Пролом заделали камнями, брёвнами, скреплёнными особо приготовленным, быстро схватывающимся раствором. Стена стала пониже, но с внешней стороны её защищала щебнистая осыпь. Раздолбить её пушками вряд ли удастся. Деревянную стену подняли, усилили дубовым выносным острогом, углубили ров. Поляки стали вести подкопы под дальними пряслами, в сторону от Свинусской, долбили ломами разборную скалу. Опытные слухачи ходили по подстенным штольням — «слухам» — с решетами, на дне которых насыпаны горошины. Вблизи подкопов горошины катались, вздрагивали. Псковичи взорвали два встречных заряда, обрушили кровлю на головы поляков. Те не унимались, из Риги обещали порох.
Осада выдыхалась, из королевского лагеря во Псков бежали люди, чаще литовцы. Самое время государю ударить всем войском, сколько его стоит по городам от Юрьева до Оки. Воеводы гнали мелкие отряды, обречённые на гибель при всякой попытке прорваться в Псков. Главные силы расслабленно дремали во глубине России, заранее смирившись с превосходством поляков и наёмников в открытом поле. Лишь по реке Великой в город проскочили две барки с сотней детей боярских — ночью, дружными выстрелами загнав в кусты дозоры Замойского. Две следующие попали в ловушку, немногие доплыли, доползли до города. Одного из счастливчиков с пулей под лопаткой положили рядом с Михайлой. Опамятовавшись от боли и потери крови, рассказал: плыли ночью, переднюю барку вели рыбаки, знавшие русло Великой как свои сени, правили по маковкам церквей, а на подходе — по чёрной громаде Крома над устьем Псковы... Вдруг из воды, смолисто мерцавшей под звёздами, поднялась змея — так показалось вперёдсмотрящему. С обоих берегов отваливали лодки с вопящими, вслепую стреляющими немцами. Барка врезалась в цепь. Хитрец Замойский приказал перегородить Великую двумя цепями, притопить их в воде, а как появятся русские, поднять. Нашим — ни вперёд, ни назад. Течение развернуло барки, поволокло к берегу, там уже ждали — под стеной Запсковья. Попали в плен или погибли до полусотни детей боярских, при них сотня боевых холопов и стрельцы. Сосед Михайлы догадался податься не к городу, а вверх по Пскове, далеко огибая стену, потом — по болоту к Гремячей башне. Полз, аки гад, по осклизлым кочкам и наступая пятерней на жаб, они верещали по-бабьи. Не поберёгся, услышав русские оклики на Гремячей. К ней нужно плыть через Пскову. Плеском всполошил венгров-дозорных, поймал пулю. Из водяных ворот Гремячей выскочили сторожа, спасли, благо от ледяной воды кровь из раны не сильно вытекала. А выпил горячего вина, закипела ключиком...

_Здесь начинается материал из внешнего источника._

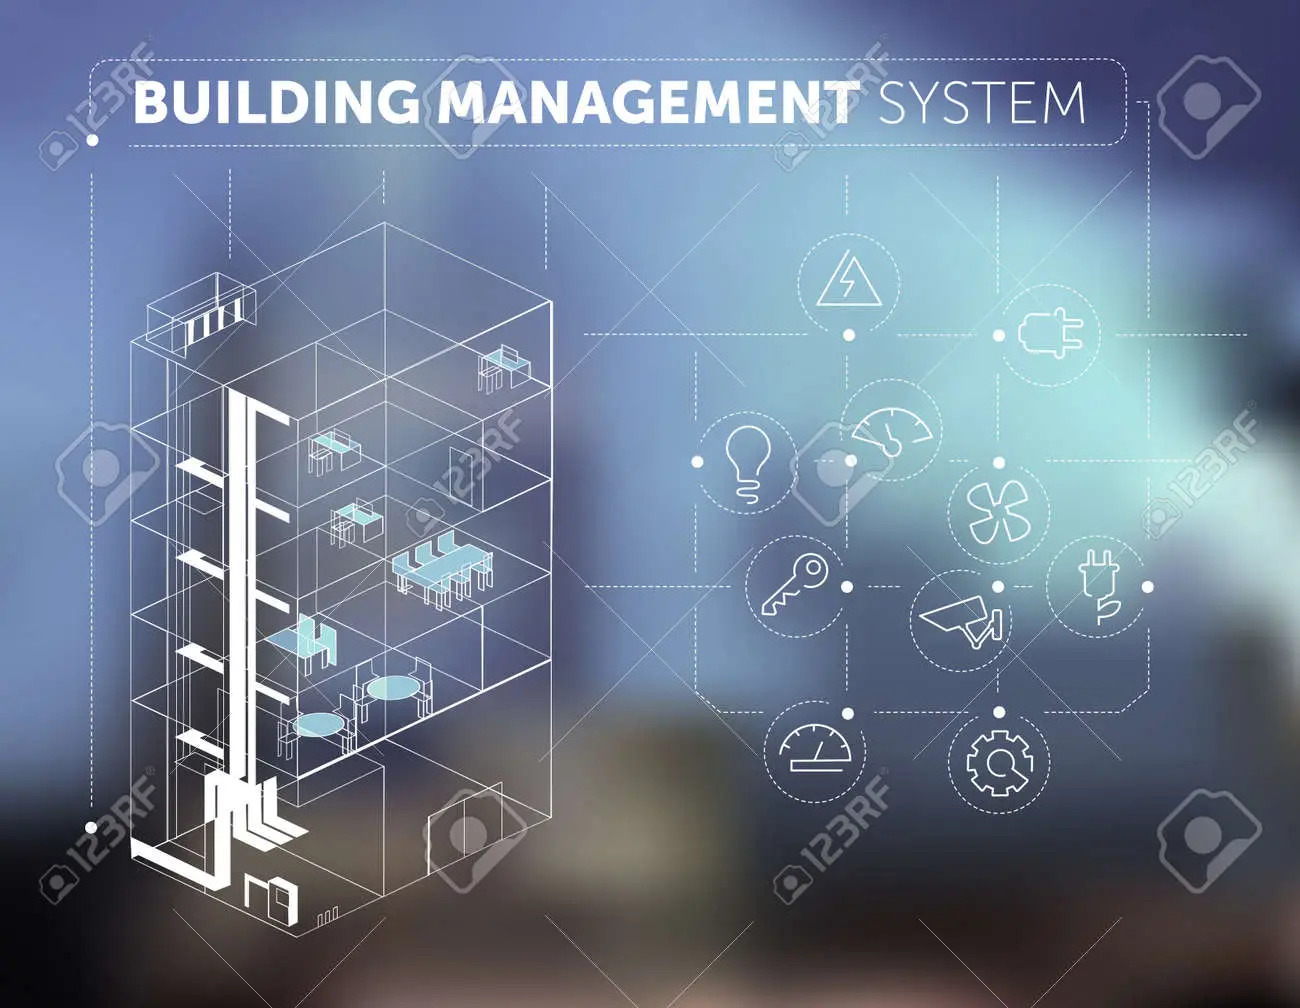 یو پی اس برای BMS یا سامانه مدیریت ساختمان

Больше до середины октября во Псков никто не проскочил. На стенах и в поле наступило усталое затишье. Главной заботой стало — пропитание и обогрев. Божья Матерь не оставляла псковичей: с Её Покрова прижали морозцы без снега, росу на травах схватило коркой, стены и откосы рва обледенели. Увеличилось число перебежчиков. Подбирались ночью к дальнему пряслу, вопили: «Пустите погреться!» Лишних едоков не пускать бы, да некоторые приносили важные вести. Один сообщил о подкопе, указал направление, наши розмыслы повели встречную борозду и рванули так, что по полю с минуту перекатывался гром. Не менее ценным было известие, что литовцы назначили королю срок в середине или конце октября — свёртывать лагерь. Без пороху нечего делать, помёрзнем, как рябчики. Они знали русскую зиму, а венгры не знали, хорохорились.

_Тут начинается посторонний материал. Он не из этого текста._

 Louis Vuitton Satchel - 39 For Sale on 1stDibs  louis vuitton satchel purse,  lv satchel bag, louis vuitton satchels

Впрочем, и псковичам было не сладко, слишком много собралось посторонних едоков, вороватых и нетерпеливых, особливо крестьян. Те вспоминали, сколько у них в потайных амбарах запасено если не хлеба, то репы, а на лесные починки загнаны куры, гуси, скотина. По заимкам захоронились родичи, свойственники, присматривали за животиной, не забывая себя. Их вольная, сытная жизнь изукрашивалась в воображении осаждённых. В опасных, мечтательных разговорах изощрялись и иноки пригородных монастырей, уж там-то запасы водились. На одного донесли: видел-де, помрачившись от голода, яко поднялся Псков под небеса и «опустился до ада й пёстрой собаки, а нам кто на царстве ни буди, всё едино»... Схватили, поставили с очи на очи с доносчиком, обоих пожгли. Шуйского раздражила нелепая «пёстрая собака»: на что намёк? Так привиделось, необъяснимо. Собака осталась неразгаданной, в чьи-то нетвёрдые умы заронив новые сомнения. Виноватого били кнутом, излохматили шкуру.